The use of synthetic data also offers substantial cost-saving opportunities in healthcare and pharma. Firstly, privacy-preserving synthetic data mitigates the risk of data breaches and associated fines, which can be substantial. By utilizing synthetic data for analysis and model training, organizations can maintain healthcare data privacy while still extracting valuable insights. Secondly, the improved predictive accuracy of machine learning models, driven by synthetic data, enables healthcare providers to optimize resource allocation, streamline operations and minimize unnecessary interventions. These cost savings contribute to the overall efficiency and sustainability of healthcare systems.

Accessing new partnership and collaboration opportunities

Synthetic data introduces a modern approach to sharing controlled data sets and fostering partnerships in the healthcare and pharmaceutical sectors. Organizations can collaborate with third-party companies with common research interests or projects, sharing synthetic data to conduct joint studies. This collaborative environment promotes innovation and knowledge sharing while safeguarding sensitive patient information. By unlocking limited access and controlled data sets healthcare data can be protected, fostering groundbreaking partnerships that accelerate progress and drive transformative breakthroughs.

Rebalancing data to more accurately train ML models to detect rare diseases

Detecting and diagnosing rare diseases is a challenging task due to the limited availability of data and the inherent complexity of these conditions. However, recent advancements in artificial intelligence, particularly machine learning (ML), offer promising opportunities for improving rare disease detection.

Rare diseases are characterized by a low prevalence in the population, which often results in imbalanced datasets where the number of positive instances (patients with rare diseases) is significantly smaller than the number of negative instances (healthy individuals or patients with other common diseases).

Imbalanced datasets pose challenges for ML models, as they tend to be biased towards the majority class and can lead to poor predictive performance. This can be particularly problematic in the case of rare diseases, where early and accurate detection is crucial for timely intervention and improved patient outcomes.

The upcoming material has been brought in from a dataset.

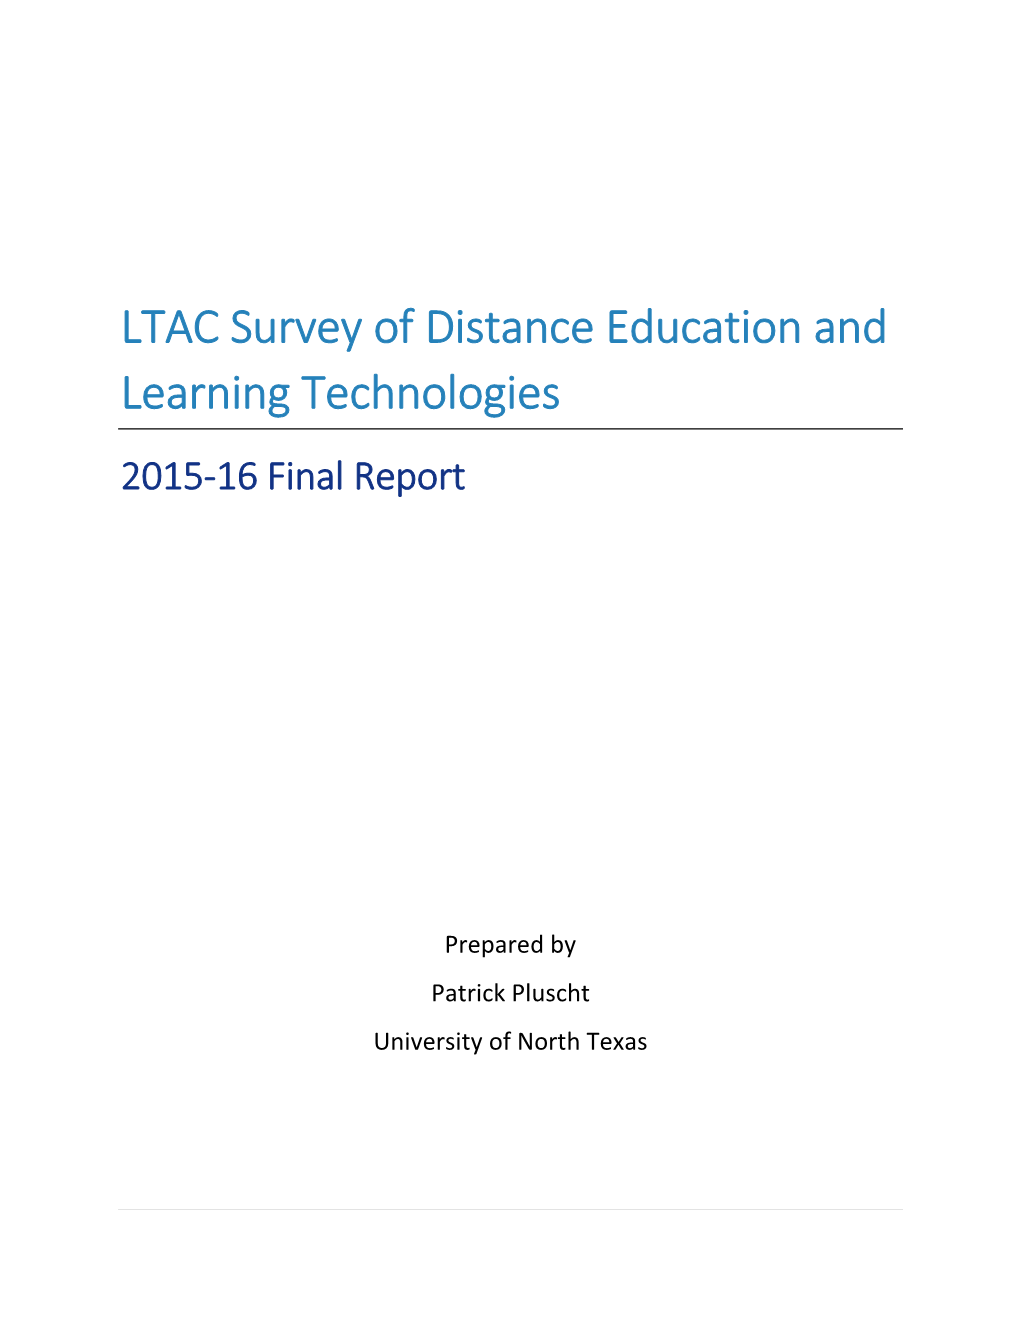 Survey of Distance Education and Learning Technologies 2015-16 Final Report

Synthetic data offers a solution to this problem. Using synthetic data generation to upsample the number of positive (i.e. minority) instances in the dataset, synthetic data helps balance the class distribution, allowing ML models to learn effectively from both classes.

Conclusion

The challenges associated with healthcare data are multi-faceted and require comprehensive solutions. Addressing privacy and security concerns, fragmentation and interoperability issues, and empowering the use of accurate and quality data are needed to optimize the use of healthcare data. 

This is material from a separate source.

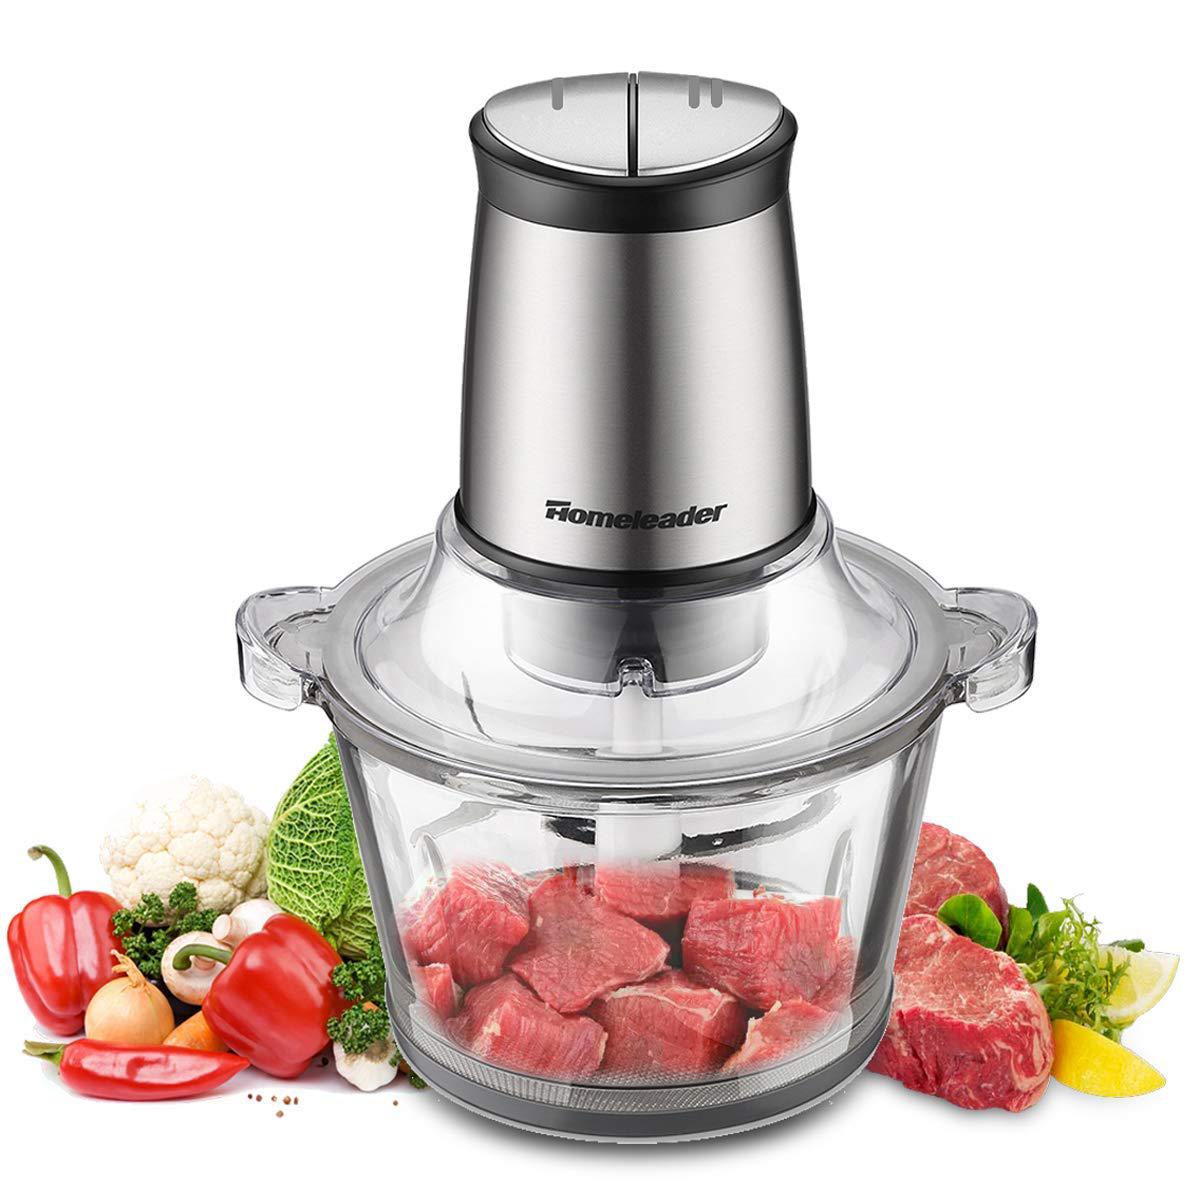 [US Direct] Electric Food Chopper, 8-Cup Food Processor by Homeleader, 2L BPA-Free Glass Bowl Blender Grinder for Meat, Vegetables, Fruits and Nuts, Fast & Slow 2-Speed, 4 Sharp Blades 31.5*19.6*21.1

Mitigating data bias and improving data access are crucial for equitable healthcare outcomes and advancing research. Synthetic data has become a valuable asset in other industries such as financial services, and holds equally vast potential in healthcare and pharmaceuticals. As we have demonstrated in this article, synthetic data can enable accessibility to privacy-compliant data. Access to quality data can help to enhance the quality of patient care through machine learning (ML) modeling, decreases expenses, and fosters opportunities for collaboration and partnerships.